The Culinary Institute of America wants to 'flip' the role of protein in restaurants.

Written by Willy Blackmore for TakePart.com

“Right now, chefs have a tendency to use the term protein to be synonymous with meat,” said Sophie Egan, the program director for Menus of Change, CIA’s partnership with the Department of Nutrition at the Harvard T. H. Chan School of Public Health. “And that’s something in the very wording that needs to change.” Egan and her colleagues are working to redefine chefs’ terminology in The Protein Flip, a graphics-heavy white paper published last week.

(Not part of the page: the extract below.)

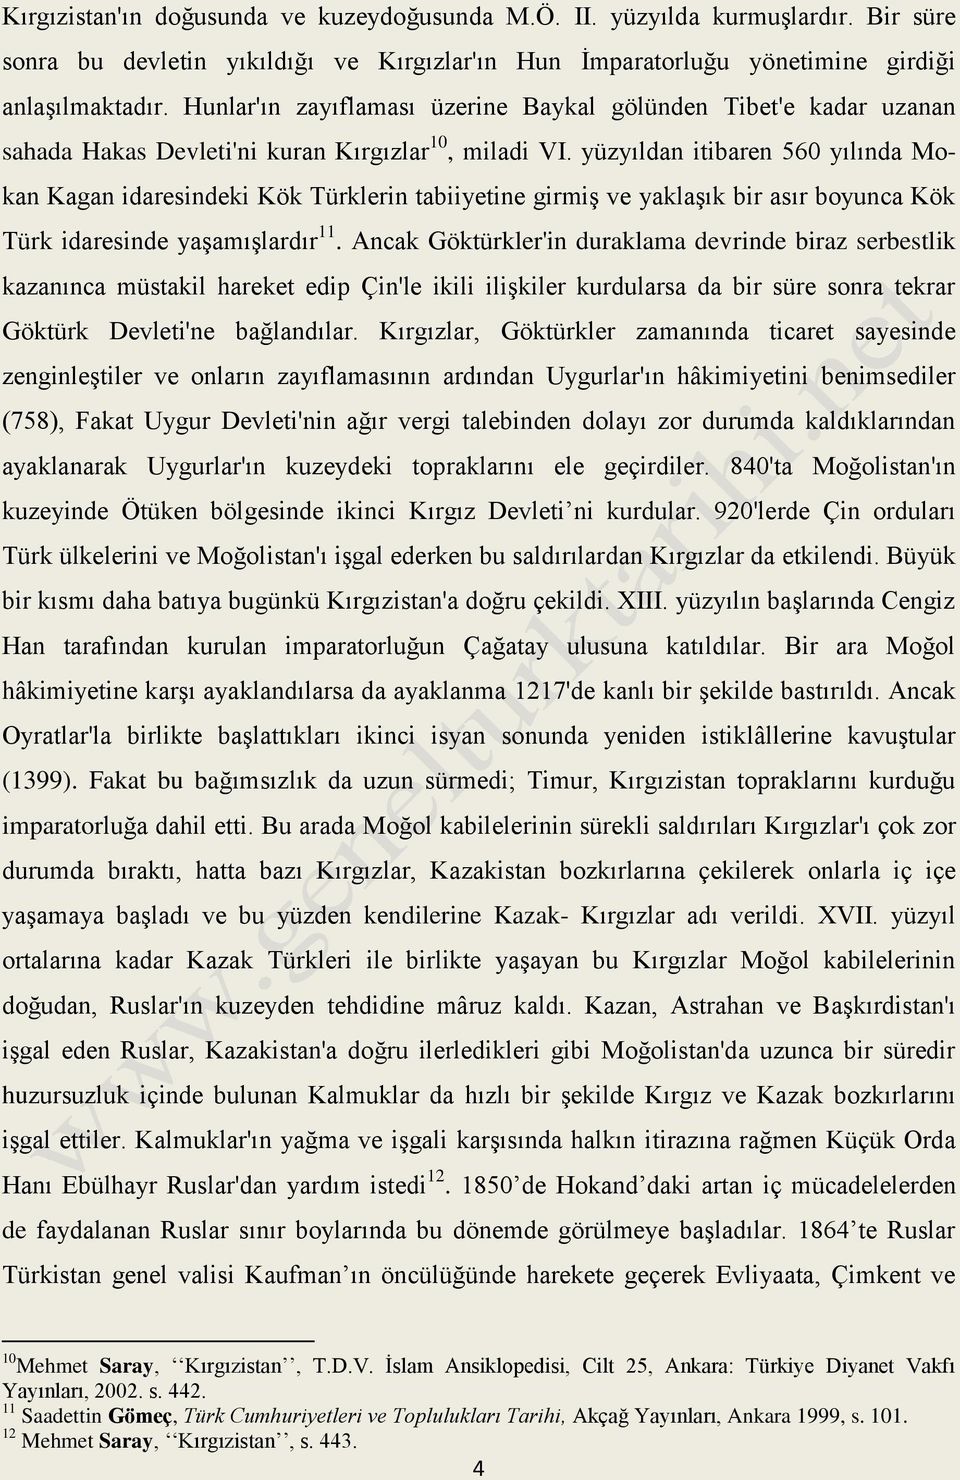 yüzyıldan itibaren 560 yılında Mokan Kagan idaresindeki Kök Türklerin tabiiyetine girmiş ve yaklaşık bir asır boyunca Kök Türk idaresinde yaşamışlardır 11.

Instead of diverting plants and grains into the production of meat, The Protein Flip calls on chefs to feed the plants directly to diners, “with much smaller amounts of accompanying animal protein.”

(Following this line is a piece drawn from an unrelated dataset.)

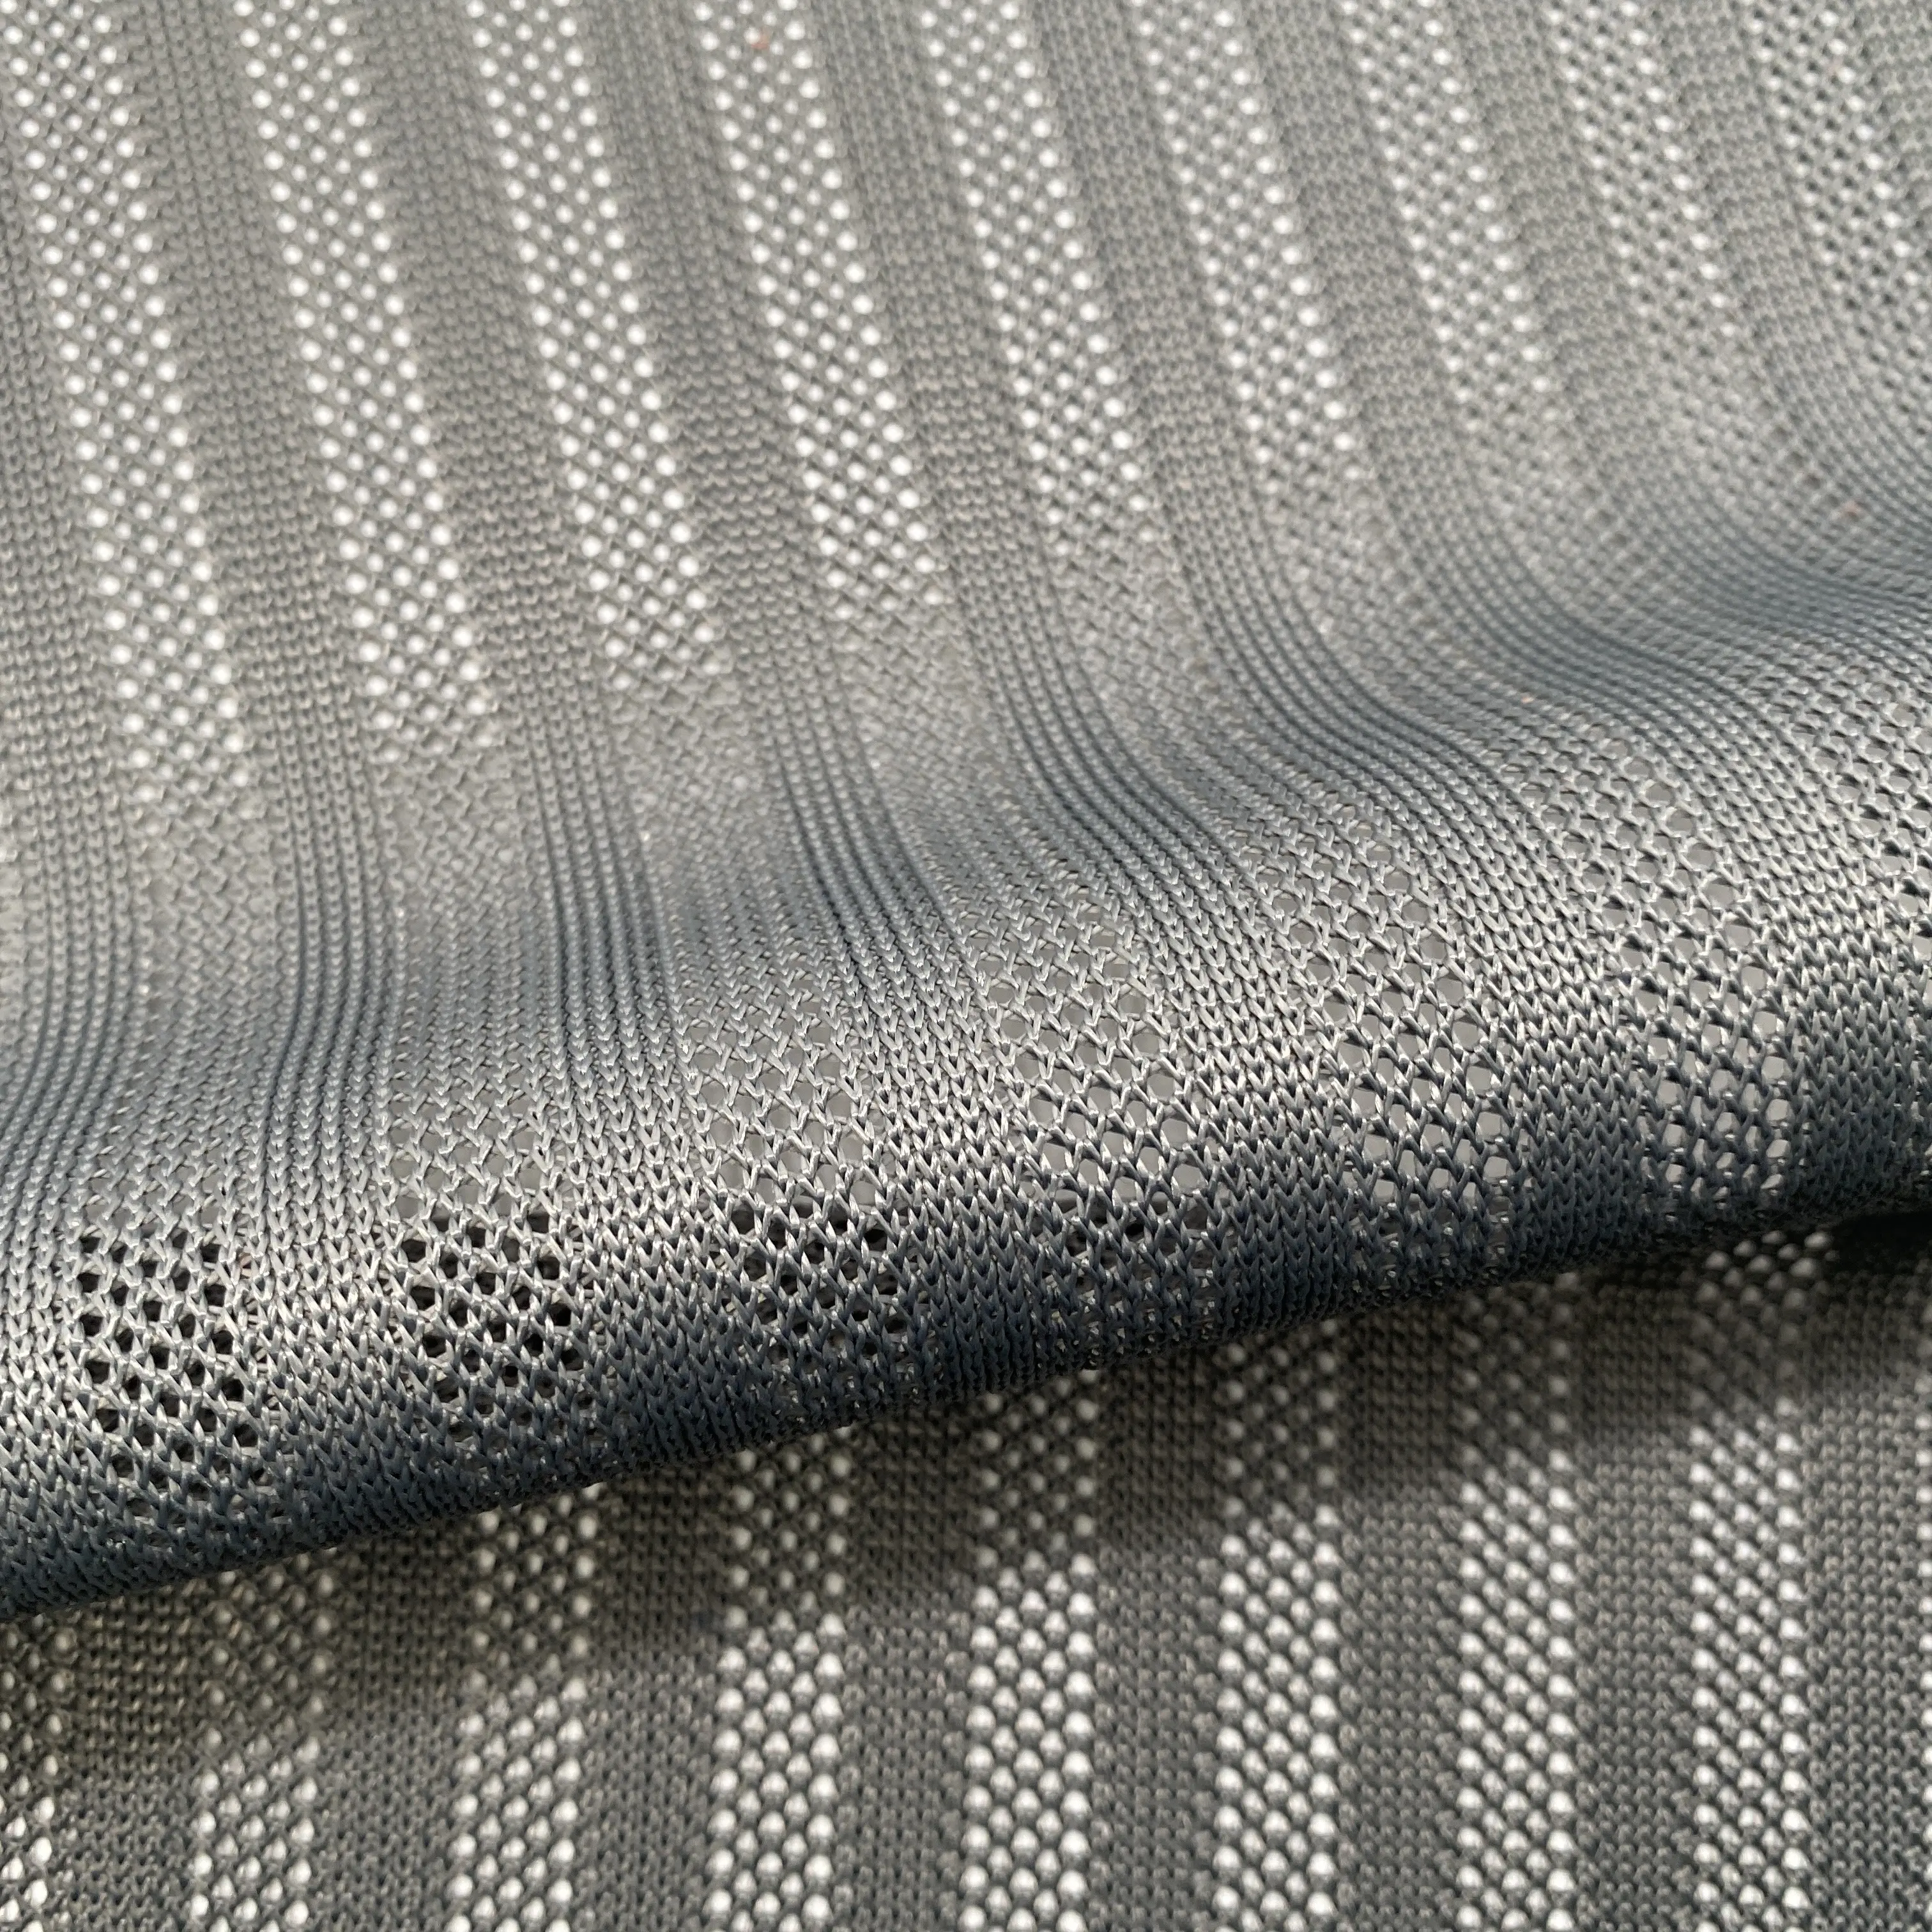 Dải Vải Lưới Polyester Raschel Dệt Kim 100% Cho Ghế Văn Phòng, Giá Đỡ, Đồ Nội Thất Ngoài Trời, Chất Liệu Lưng

Meat has long stood at the center of the American plate, especially in restaurants, where—despite some of the great vegetable-centric cooking that's in vogue—vegetarian or vegan items often feel like more of an afterthought. But there is more to cooking with vegetables than a meatless pasta dish, veggie burger, or pile of mixed grilled vegetables, and the CIA wants chefs to explore the terrain. Americans eat three times as much meat as the global average, and more than half of that is red meat. As a recent report from the World Resources Institute highlighted, Americans eat far more protein than is nutritionally necessary.

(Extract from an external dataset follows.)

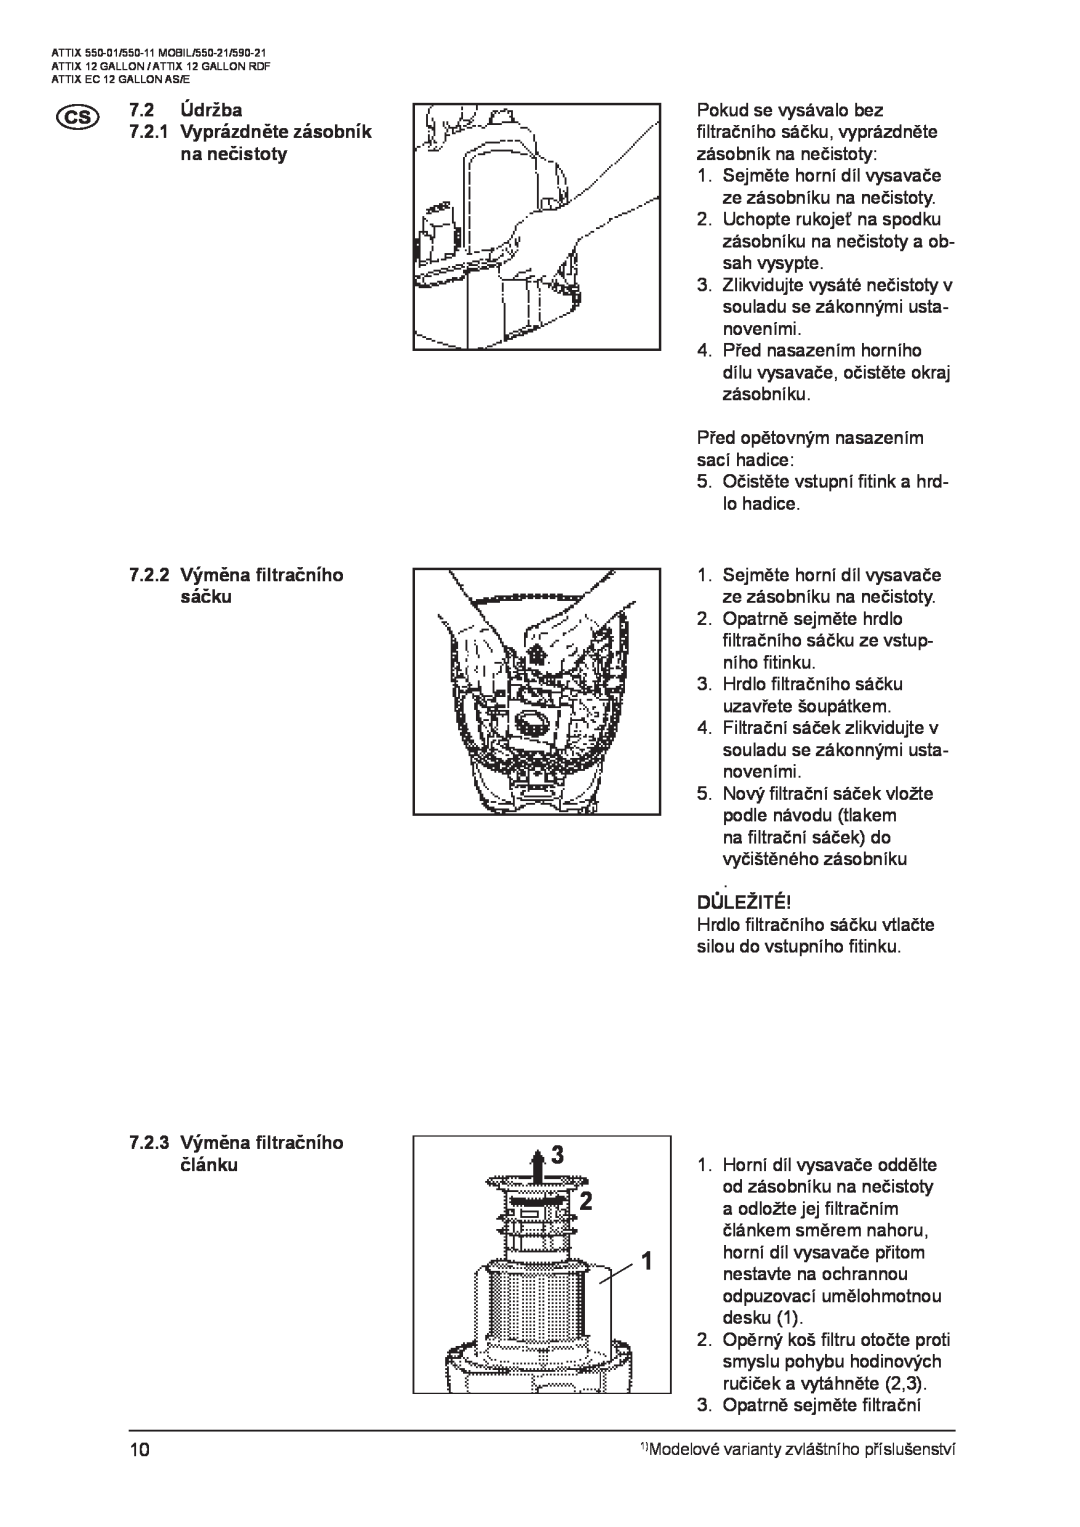 Nilfisk-ALTO ATTIX 550-01 manual 7.2Údržba 7.2.1Vyprázdněte zásobník na nečistoty, 7.2.2Výměna ﬁltračního sáčku, Důležité

Instead of asking people to not eat meat, The Protein Flip suggests eating less and different kinds of animal protein and increasing the amount of plant-based proteins included in meals. Instead of a portion of meat occupying the center of the plate with some vegetables on the side, the idea is to flip the balance, with plants making up more of a dish and meat moving into a condiment-like role. Why not serve two ounces of meat in a dish instead of eight or more? Animal-based protein sources (including eggs and dairy) account for 85 percent of the protein Americans consume (20 percent of that is chicken), with legumes, for example, coming in at just 1.3 percent of the total.

There’s a public health angle here too. As the white paper explains, high levels of meat consumption can lead to diet-related disease and drives the use of antibiotics in livestock. Conversely, minimally processed plant-based proteins are, according to the paper, “associated with a lower risk of chronic disease and mortality,” in addition to requiring fewer resources.